School of Materials Science and Engineering, State Key Laboratory of Silicon Materials, Zhejiang University, Hangzhou 310027, China.
School of Materials Science and Engineering, State Key Laboratory of Silicon Materials, Zhejiang University, Hangzhou 310027, China; The Affiliated Stomatologic Hospital, School of Medicine, Zhejiang University, Hangzhou 310003, China.
Acta Biomater. 2018 Apr 15;71:49-60. doi: 10.1016/j.actbio.2018.03.009. Epub 2018 Mar 15.
Mechanical stimuli at the bone-implant interface are considered to activate the mechanotransduction pathway of the cell to improve the initial osseointegration establishment and to guarantee clinical success of the implant. However, control of the mechanical stimuli at the bone-implant interface still remains a challenge. In this study, we have designed a strategy of a magnetically responsive coating on which the mechanical stimuli is controlled because of coating deformation under static magnetic field (SMF). The iron oxide nanoparticle/mineralized collagen (IOP-MC) coatings were electrochemically codeposited on titanium substrates in different quantities of IOPs and distributions; the resulting coatings were verified to possess swelling behavior with flexibility same as that of hydrogel.

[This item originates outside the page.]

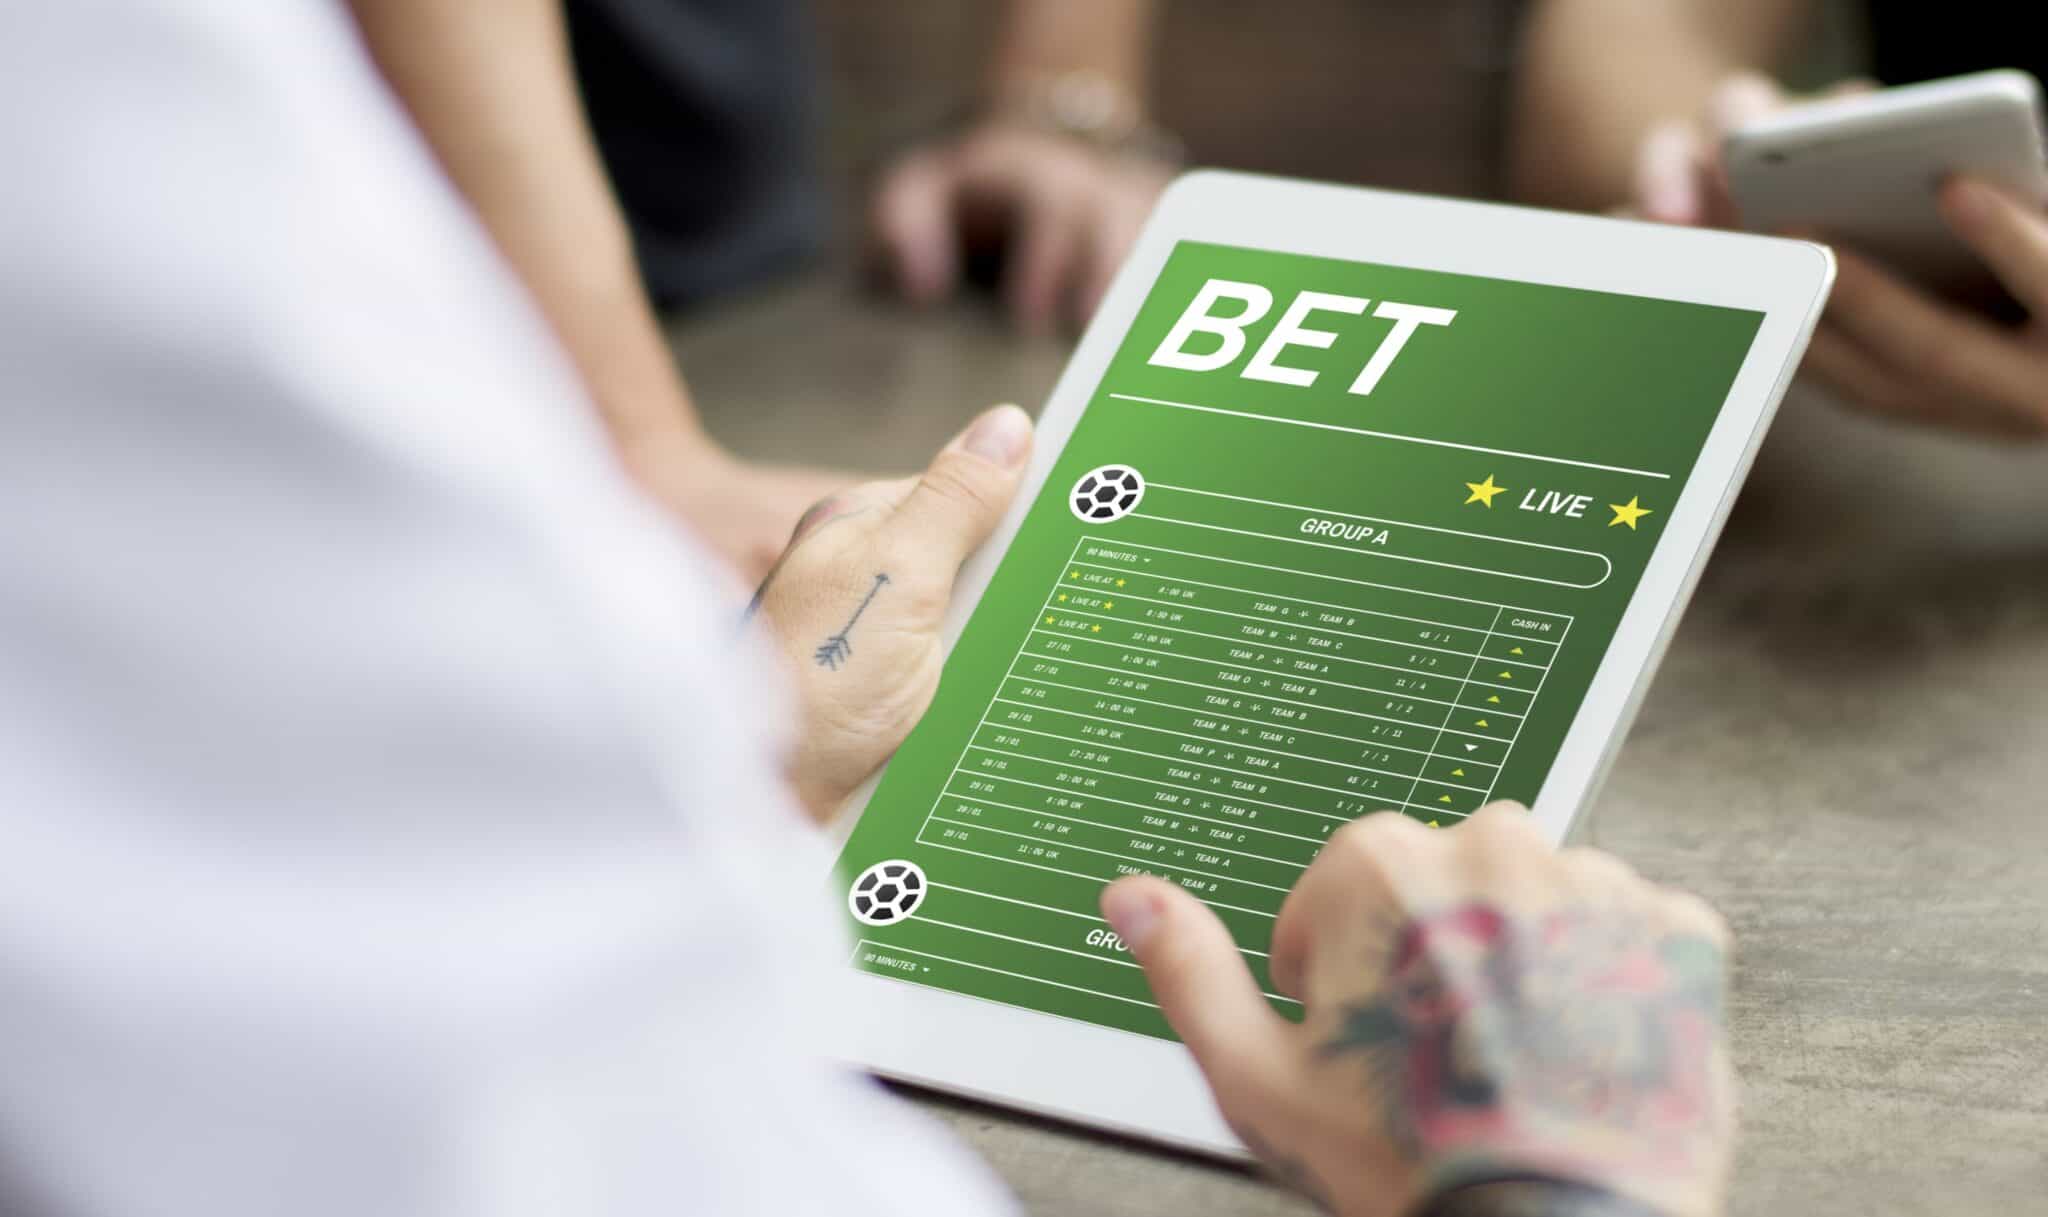 Imagem de um homem de costas segurando um tablet aberto em um site com informação de odds em apostas esportivas, exemplificando o que é e como funciona

The relative quantity of IOP to collagen and the IOP distribution in the coatings were demonstrated to play a critical role in mediating cell behavior. The cells present on the outer layer of the distributed IOP-MC (O-IOP-MC) coating with a mass ratio of 0.67 revealed the most distinct osteogenic differentiation activity being promoted, which could be attributed to the maximized mechanical stimuli with exposure to SMF. Furthermore, the enhanced osteogenic differentiation of the stimulated MC3T3-E1 cells originated from magnetically actuated mechanotransduction signaling pathway, embodying the upregulated expression of osteogenic-related and mechanotransduction-related genes. This work therefore provides a promising strategy for implementing mechanical stimuli to activate mechanotransduction on the bone-implant interface and thus to promote osseointegration.
The magnetically actuated coating is designed to produce mechanical stimuli to cells for promoting osteogenic differentiation based on the coating deformation. Iron oxide nanoparticles (IOPs) were incorporated into the mineralized collagen coatings (MC) forming the composite coatings (IOP-MC) with spatially distributed IOPs, and the IOP-MC coatings with outer distributed IOPs (O-IOPs-MC) shows the maximized mechanical stimuli to cells with enhanced osteogenic differentiation under static magnetic field. The upregulated expression of the associated genes reveals that the enabled mechanotransduction signaling pathway is responsible for the promoted cellular osteogenic differentiation. This work therefore provides a promising strategy for implementing mechanical stimuli to activate mechanotransduction on the bone-implant interface to promote osseointegration.
被认为在骨-植入物界面处的机械刺激会激活细胞的机械转导途径,以改善初始骨整合的建立并保证植入物的临床成功。然而,对骨-植入物界面处的机械刺激的控制仍然是一个挑战。在这项研究中,我们设计了一种磁响应涂层策略,该策略可通过静态磁场(SMF)下的涂层变形来控制机械刺激。在不同数量的 IOP 和分布的情况下,将氧化铁纳米颗粒/矿化胶原(IOP-MC)涂层通过电化学共沉积在钛基底上;结果表明,所得涂层具有与水凝胶相同的柔韧性的溶胀行为。涂层中 IOP 与胶原的相对数量和 IOP 分布在调节细胞行为方面起着关键作用。具有 0.67 质量比的分布 IOP-MC(O-IOP-MC)涂层外层上的细胞表现出最明显的成骨分化活性,这归因于最大程度的机械刺激以及暴露于 SMF。此外,刺激的 MC3T3-E1 细胞的成骨分化增强源于磁驱动的机械转导信号通路,体现了成骨相关和机械转导相关基因的上调表达。因此,这项工作为在骨-植入物界面上实施机械刺激以激活机械转导并促进骨整合提供了一种有前途的策略。